Diagnosis-driven yield analysis with RCD is a quick and cost effective way to determine the underlying root
causes represented in a population of failing devices from test data alone. This technology can ferret out the
final 1% yield loss in mature technologies typically used for automotive parts.

Meeting the quality and reliability requirements of the ISO 26262 and other automotive electronics standards
will only become more difficult as device sizes and complexities continue to grow. New advanced test
technologies such as cell-aware ATPG, hybrid compression/logicBIST and diagnosis-driven yield analysis
with RCD provide some key building blocks towards ensuring compliance to the new standards.

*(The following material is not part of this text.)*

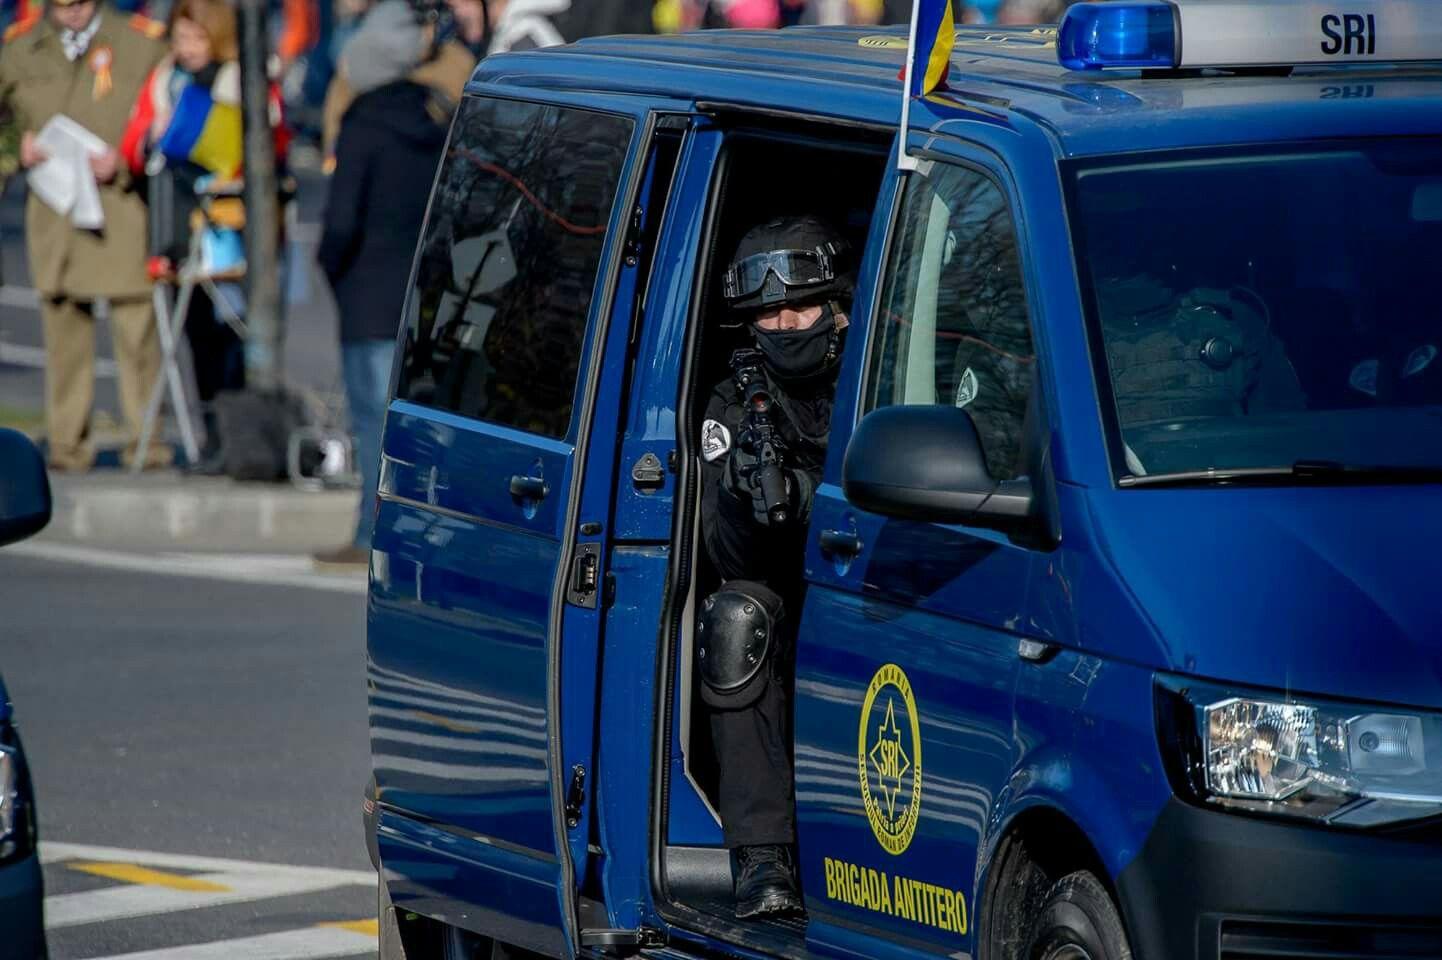 S.R.I. _B.A.T. Serviciul Roman de Informatii_ Brigada Antiterorista Romanian Intelligence Service_ Anti-terrorist Brigade 1st December 2016 Unification parade

Adoption of
these and other advanced test capabilities will not only improve the ability of semiconductor manufacturers
to achieve necessary quality and reliability metrics, but will also help to further differentiate their products
by delivering embedded test capabilities that can be leveraged by their customers at the system level and
in the field.

[1] Hapke, F., et. al., Cell-Aware Test, IEEE Transactions on Computer-Aided Design of Integrated Circuits and Systems, Volume 33, Issue 9.
[2] W.Yang, C. Hao, Diagnosis-Driven Yield Analysis Improves Mature Yield, Chip Design Magainze, Fall 2011.
[3] B. Benware,, Determining a Failure Root Cause Distribution From a Population of Layout-Aware Scan Diagnosis Results, IEEE
D&T of Computers, Volume 29, Issue 1.